───── DATA BLOCK

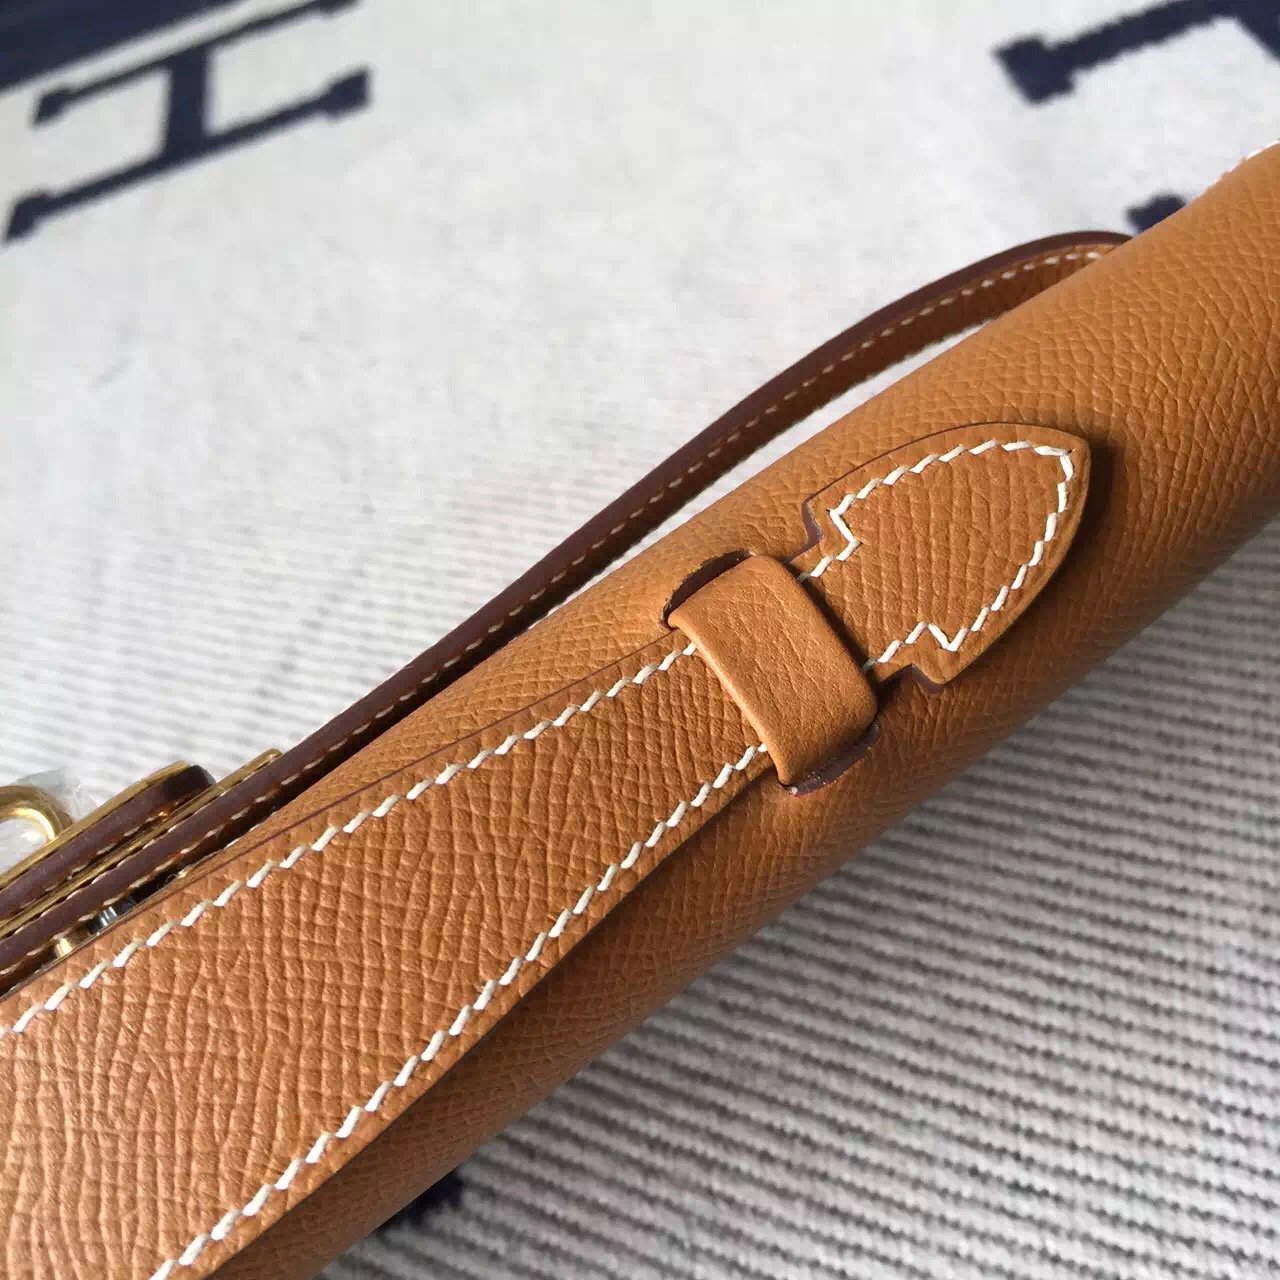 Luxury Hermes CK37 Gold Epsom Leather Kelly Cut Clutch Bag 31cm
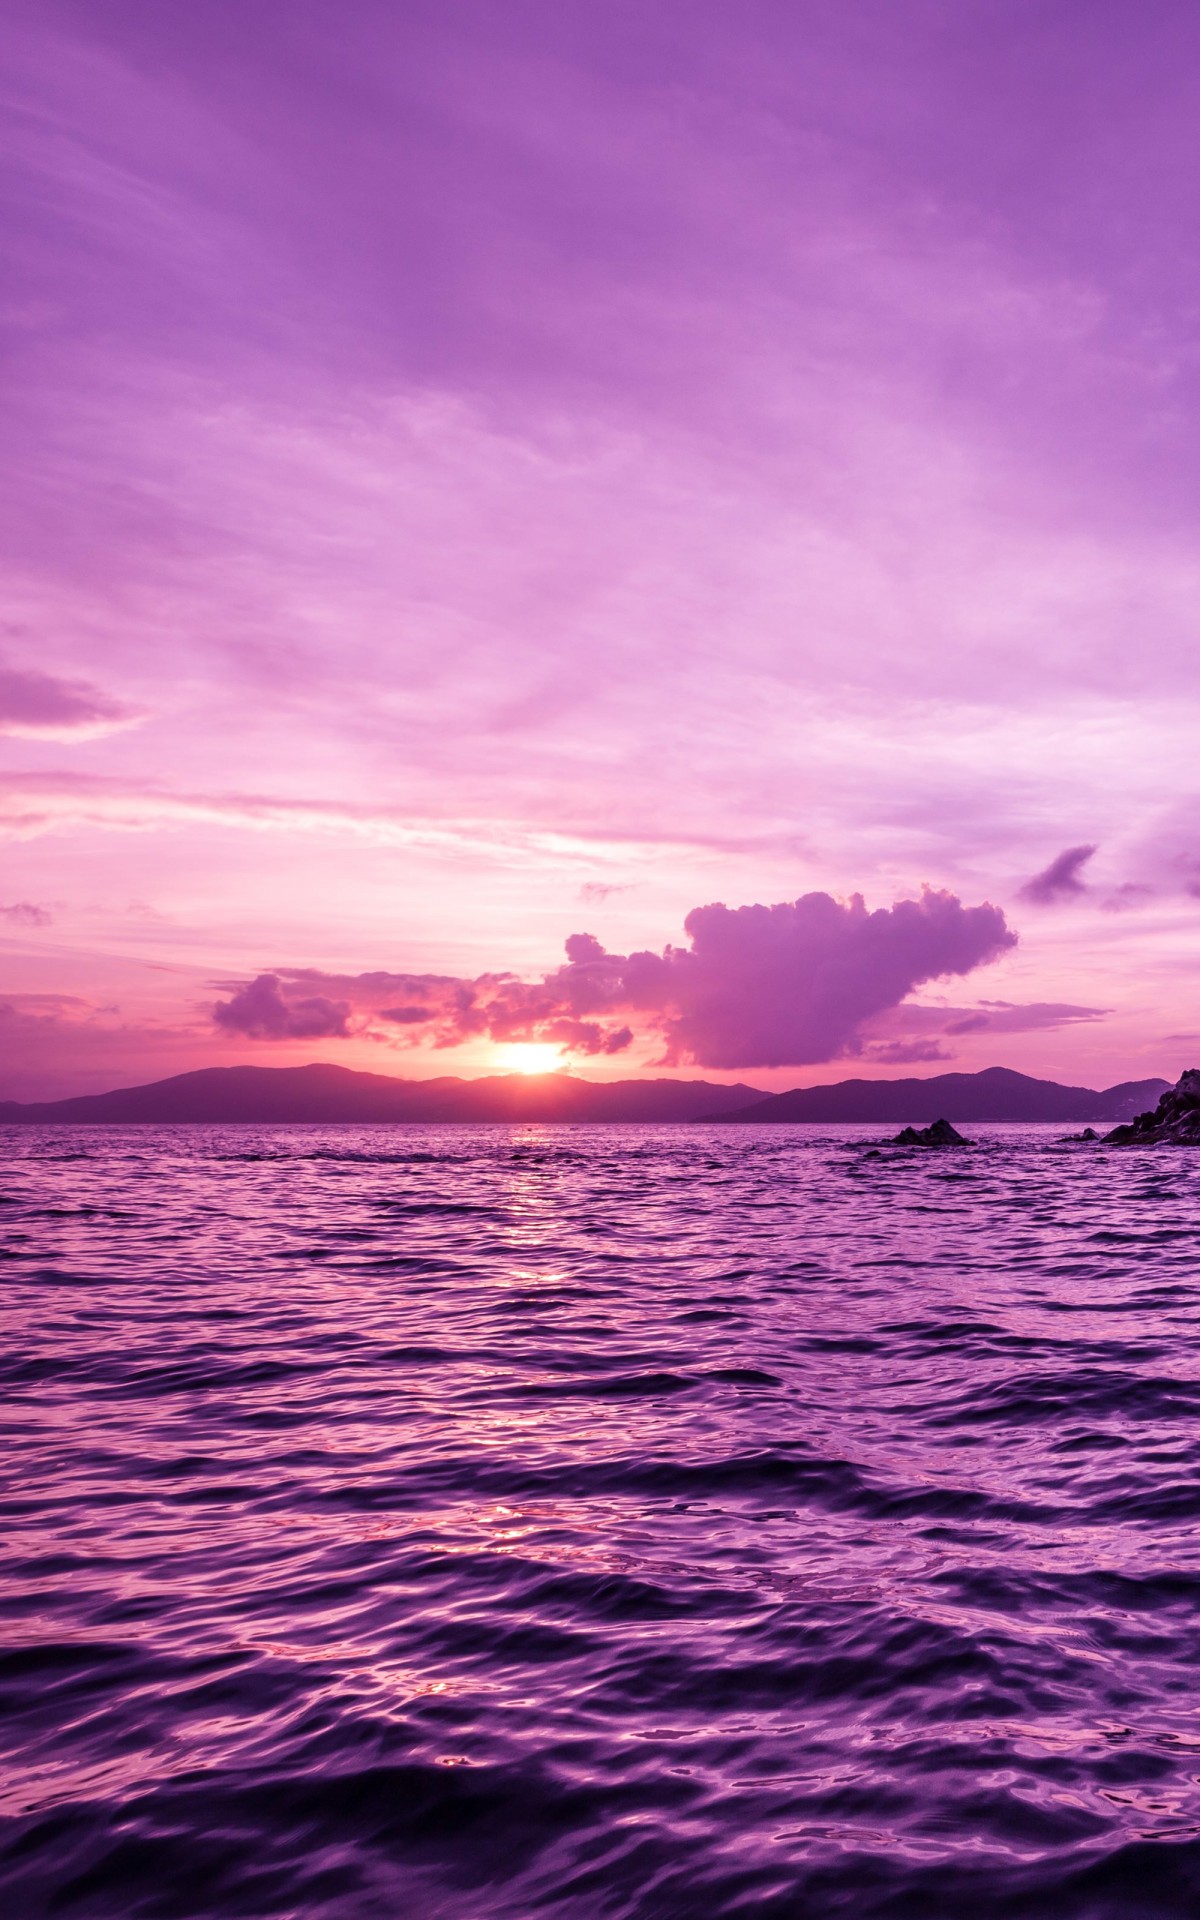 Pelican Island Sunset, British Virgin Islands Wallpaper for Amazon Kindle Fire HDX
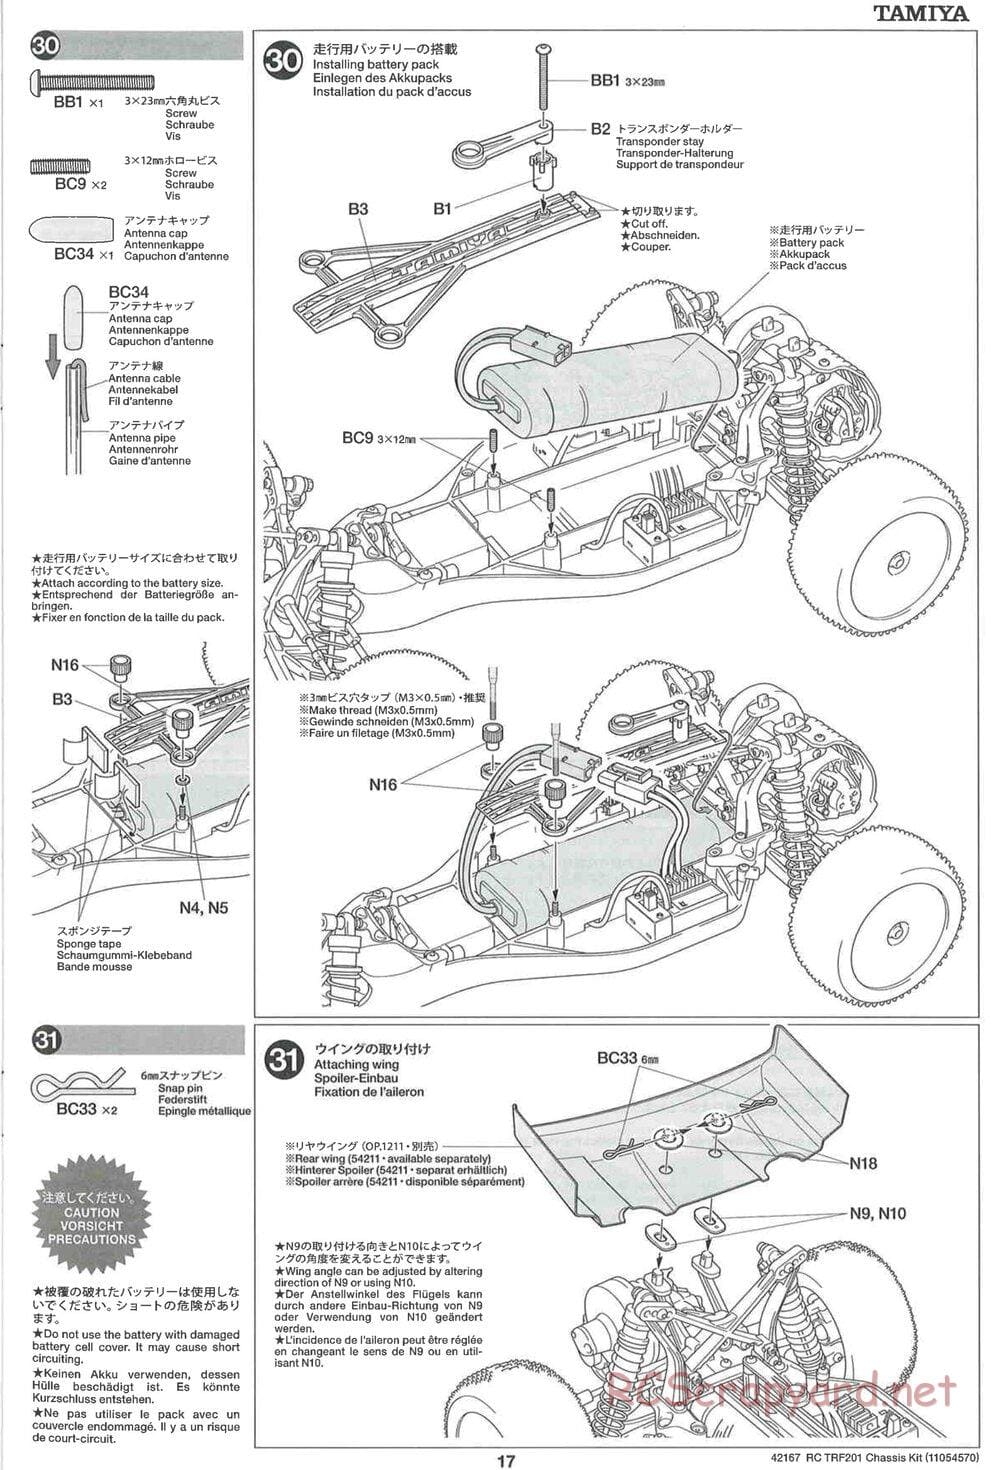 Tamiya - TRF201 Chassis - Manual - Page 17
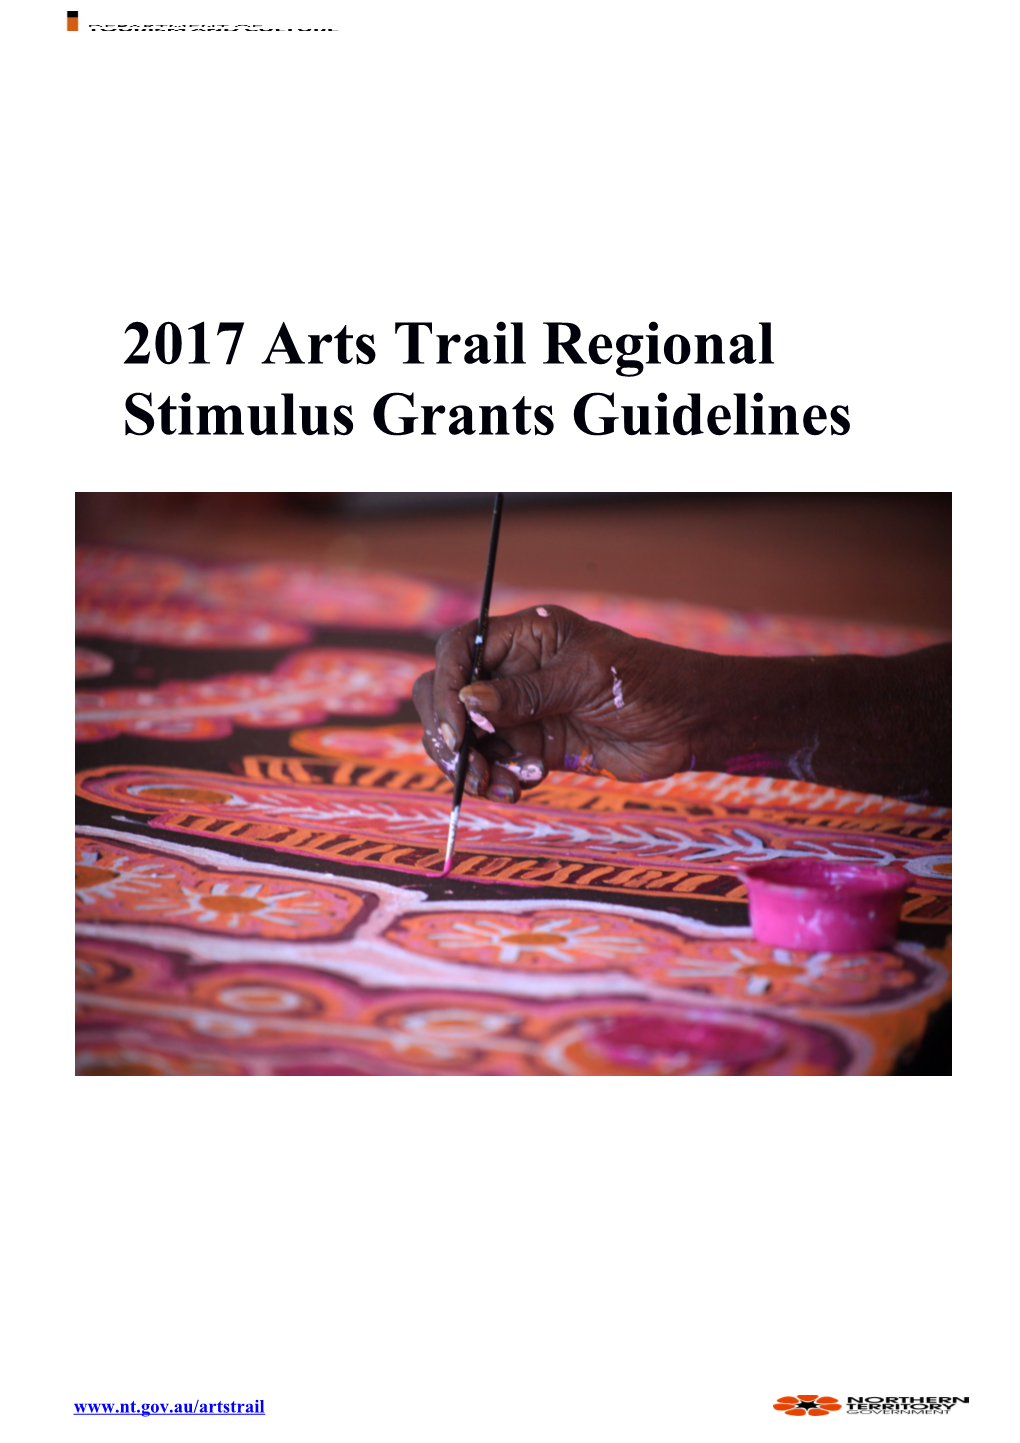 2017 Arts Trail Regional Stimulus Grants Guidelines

──────────

ASSIGNMENT >> Only the listing above, set down exactly and without pictures, belongs in the answer.

SOLVED EXERCISE >>
 Luxury Hermes CK37 Gold Epsom Leather Kelly Cut Clutch Bag 31cm
 Pelican Island Sunset, British Virgin Islands Wallpaper for Amazon Kindle Fire HDX
 Tamiya - TRF201 Chassis - Manual - Page 17
 2017 Arts Trail Regional Stimulus Grants Guidelines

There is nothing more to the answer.